Jak wycinałam jej brzuch to się bałam ,że moja sąsiadka,aktywistko TOZ-u na mnie doniesie.Wyła na jednym tonie (Amcia ,nie sąsiadka) i tylko czekałam na policję...
A po zabiegu wstała jakby nigdy nic poszła se pojeść chrupki-trzeba "zajeść" stresy,prawda??

Zdredzonych...mój mąż wymyślił zaraz, jest taka(no,PODOBNA:)) książka ,klient pytała ale my taką literaturą nie handlujemy...
A o świcie bo ja zwykle rano znajduję te dredy przy myzianiu...

Fiona ma czysty, nieskudlony jedwab.
I kocha się czesać.
I myć.

Jakby się z nią Miś ożenił to by miał super-żonę.Tylko chyba ona jest trochę większa niż on:)

kotkins

 
Posty: 8403
Od: Pt mar 25, 2011 22:39
Lokalizacja: Poznań

Post » Śro gru 28, 2011 17:57 Re: Mirmiłki w kolorze niebieskim - kolędujemy po kociemu (cz.3)

Miś jest koteczkiem mamun..., to znaczy - Dużej i Duża nie pozwala mu się żenić :twisted:
A Amelka ewidentnie zachowuje się jak Pola. Pola wyje, pluje jadem, rzuca klątwy, przywołuje zaklęcia najgorszego sortu, wzywa demony i włada żywiołami, ale gdy zaprzestajemy czesania - spokojnie idzie jeść i mruczy natychmiast, gdy tylko się ją pogłaszcze. Zapomina krzywdy w tempie ekspresowym i zupełnie nieadekwatnym do karczemnych obelg, jakimi nas pół minuty wcześniej obrzuciła.
Aniada
 

Post » Śro gru 28, 2011 18:08 Re: Mirmiłki w kolorze niebieskim - kolędujemy po kociemu (cz.3)

Choleryczny temperament ma swoje zalety :lol:
Nowy dzień. Nowy skutek uboczny.

Hańka

 
Posty: 41743
Od: Sob lut 09, 2008 0:22
Lokalizacja: Sopot

Post » Śro gru 28, 2011 18:18 Re: Mirmiłki w kolorze niebieskim - kolędujemy po kociemu (cz.3)

Hańka pisze:Choleryczny temperament ma swoje zalety :lol:


Ma to po Dużym. :twisted:
Aniada
 

Post » Śro gru 28, 2011 18:32 Re: Mirmiłki w kolorze niebieskim - kolędujemy po kociemu (cz.3)

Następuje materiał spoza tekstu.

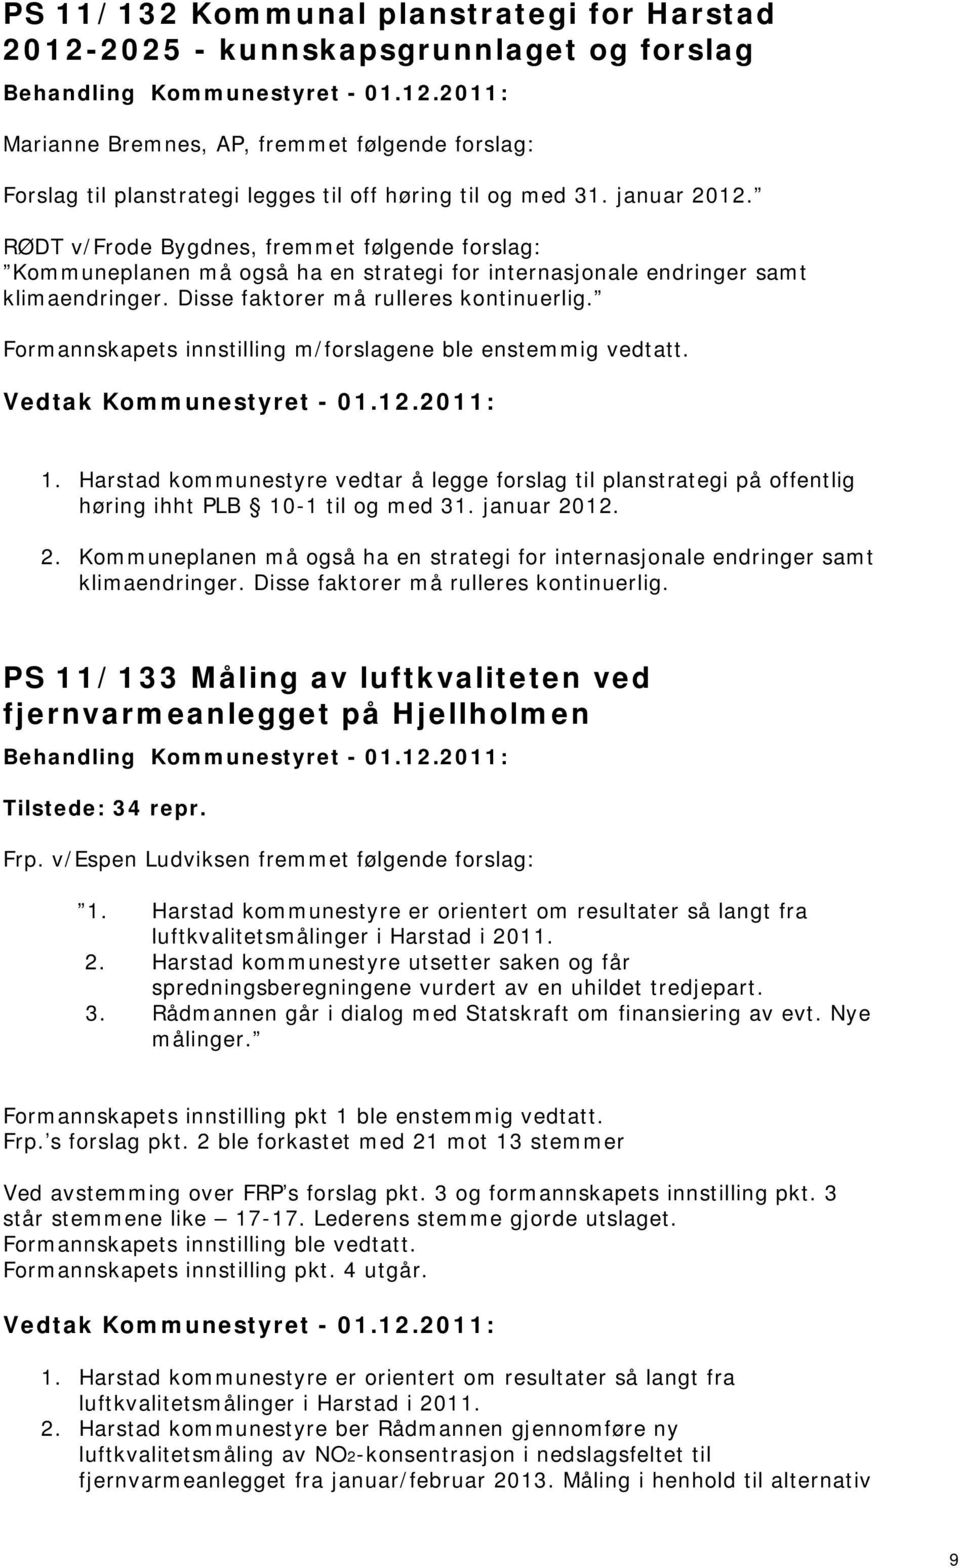 Formannskapets innstilling m/forslagene ble enstemmig vedtatt. 1. Harstad kommunestyre vedtar å legge forslag til planstrategi på offentlig høring ihht PLB 10-1 til og med 31. januar 20

Amcia głównie udziela się wokalnie i łapoczynowo.Oraz gryzie.
Na szczęście usunęłam jej ten złamany ząb (jadowy?),więc ma trzy kły.
I wiecie -ja bym też Amci nie pozwoliła na małżeństwo.
Jeśli dziewczynka przy każdej wizycie w kuwecia wynosi bobelka w teren i zostawia na dywanie,to chyba męża mieć nie powinna?
Fiońci się to nie zdarza,Fio jest poprostu elegancka:)
Nie mówiąc już o Felisiu,on by umarł z obrzydzenia!!!

kotkins

 
Posty: 8403
Od: Pt mar 25, 2011 22:39
Lokalizacja: Poznań

Post » Śro gru 28, 2011 19:55 Re: Mirmiłki w kolorze niebieskim - kolędujemy po kociemu (cz.3)

kotkins pisze: Jeśli dziewczynka przy każdej wizycie w kuwecia wynosi bobelka w teren i zostawia na dywanie,to chyba męża mieć nie powinna?


Zwłaszcza, że jej potencjalny małżonek robi kropka w kropkę, kubek w kubek to samo, zawsze i bez wyjątku. :ryk: :ryk: Jeszcze mu się nie zdarzyło wszystkich bobów zatrzymać i pozostawić tam, gdzie być powinny. :mrgreen: Zawsze, ale to zawsze jakowyś ucieknie.
Ot, byłoby małżeństwo dwojga małych us...ców.
Aniada
 

Post » Śro gru 28, 2011 19:57 Re: Mirmiłki w kolorze niebieskim - kolędujemy po kociemu (cz.3)

Aniada pisze:
kotkins pisze: Jeśli dziewczynka przy każdej wizycie w kuwecia wynosi bobelka w teren i zostawia na dywanie,to chyba męża mieć nie powinna?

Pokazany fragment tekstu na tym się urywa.